Punycode
Punycode is a coding method standardized in RFC 3492 for converting Unicode character strings into ASCII -compatible character strings, which consist of the characters to , to and the hyphen ( ). Punycode was designed to uniquely and reversibly represent internationalized domain names consisting of Unicode characters using ASCII characters.
a
z
0
9
-
Reason for introduction
The most important reason for the introduction of Punycode was the fact that in the established Domain Name System only names consisting of the 26 Latin letters , the digits 0 to 9 and a hyphen-minus ("keyboard hyphen") are allowed . This was sufficient for the English language , but most other languages contain additional characters - the German language, for example, the umlaut letters ä
, ö
and ü
and that ß
. In order to be able to process any text from such languages, the procedure Internationalizing Domain Names in Applications was introduced in 2003 , which uses Punycode as a coding procedure.

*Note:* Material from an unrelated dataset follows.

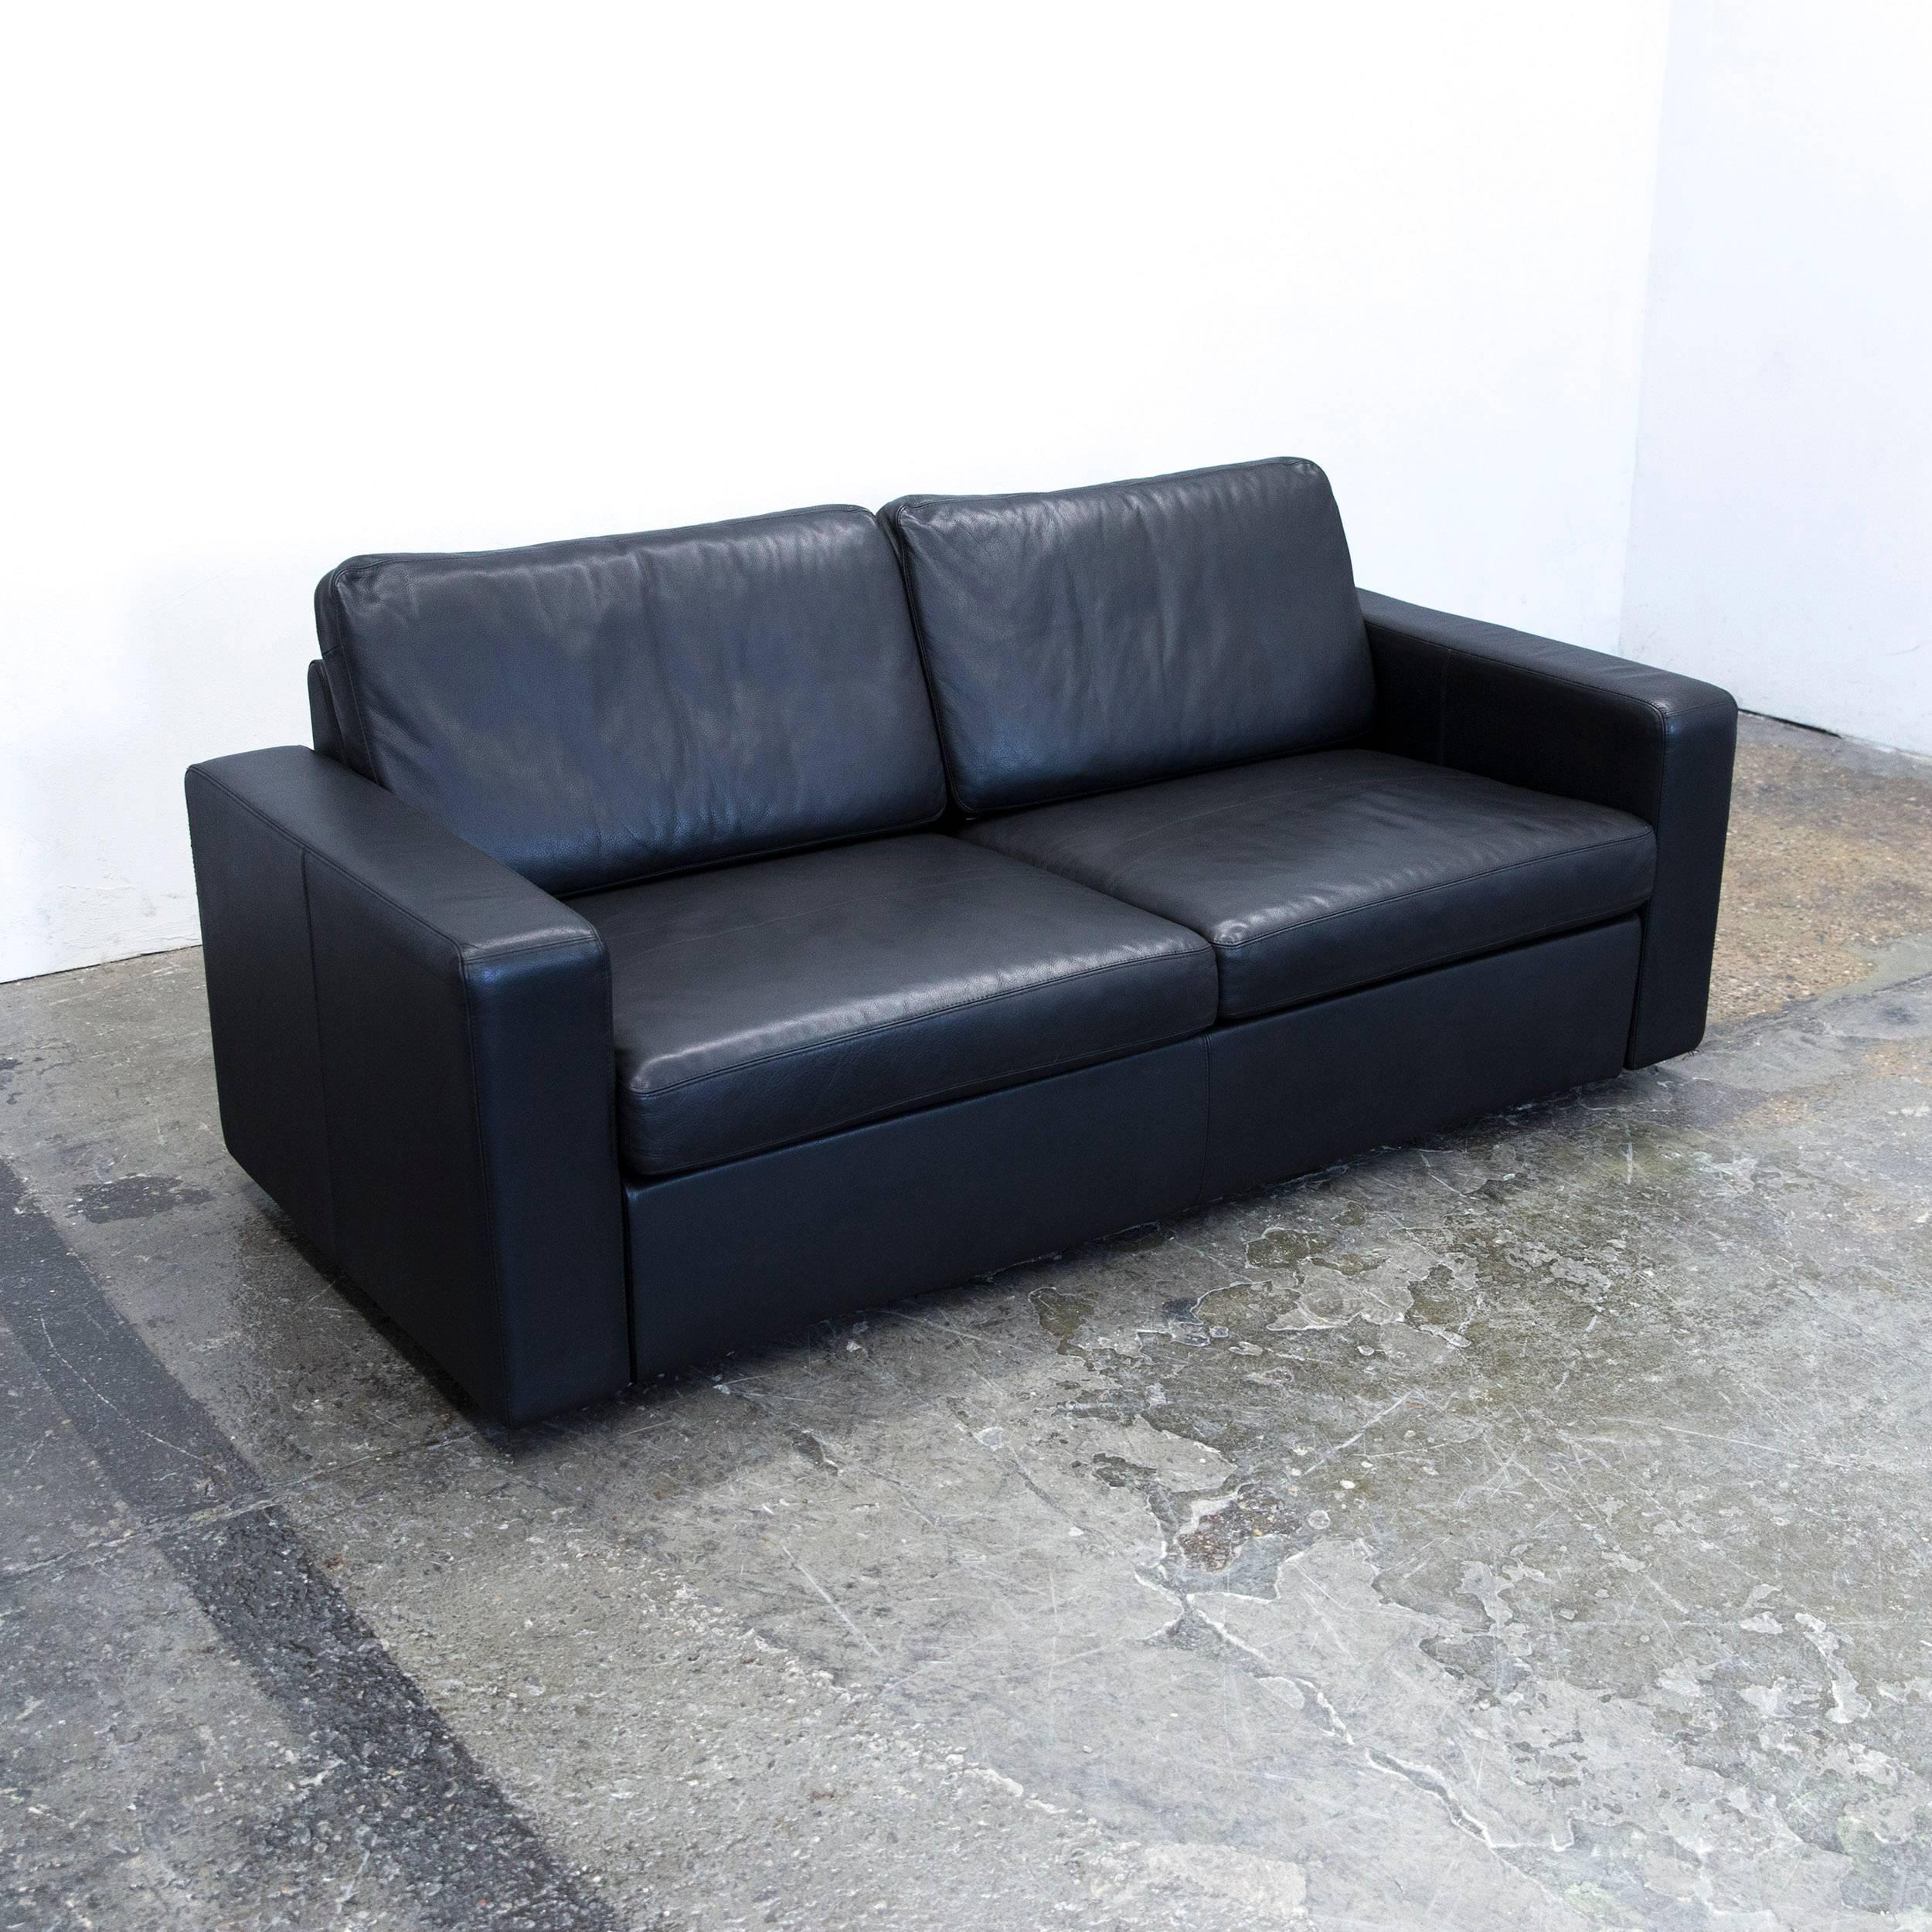 Cor Conseta Designer Sofa Leather Black Sleepsofa Three Seat Couch Modern

If a text is to be transferred to a system that can only handle ASCII, it is first converted into ASCII using Punycode. It should be noted that in many cases the resulting text is elongated. Conversely, if this text is to be taken from the ASCII system, it is translated back into its original form using Punycode. If a text does not contain any special characters, it will not be changed by this procedure.
The Punycode conversion procedure was determined taking into account the following aspects:
- completeness
- Any name can be implemented
- Uniqueness
- Exactly one implementation is assigned to each name
- Reversibility
- Any converted name can be converted back
- Efficiency
- The converted name is not much longer than the source name
- simplicity
- The process is relatively easy to implement
- Readability
- Names made up of essentially Latin letters often remain legible, as the characters are not changed
a
untilz
Rules of Conversion
String | Punycode | IDNA | |
---|---|---|---|
abcdef | abcdef- | abcdef | * |
abæcdöef | abcdef-qua4k | xn - abcdef-qua4k | |
beautiful | schn-7qa | xn - schn-7qa | |
ย จ ฆ ฟ ค ฏ ข | 22cdfh1b8fsa | xn - 22cdfh1b8fsa | |
☺ | 74h | xn - 74h | |
74h | 74h- | 74h | * |
xn-- | xn --- | n. def. | |
* Punycode is not used |
In the following, the letters a
to z
and the digits 0
to are the base characters 9
. Together with the hyphen minus ( -
) as a separator, these 37 characters represent the only valid characters in a text encoded according to Punycode.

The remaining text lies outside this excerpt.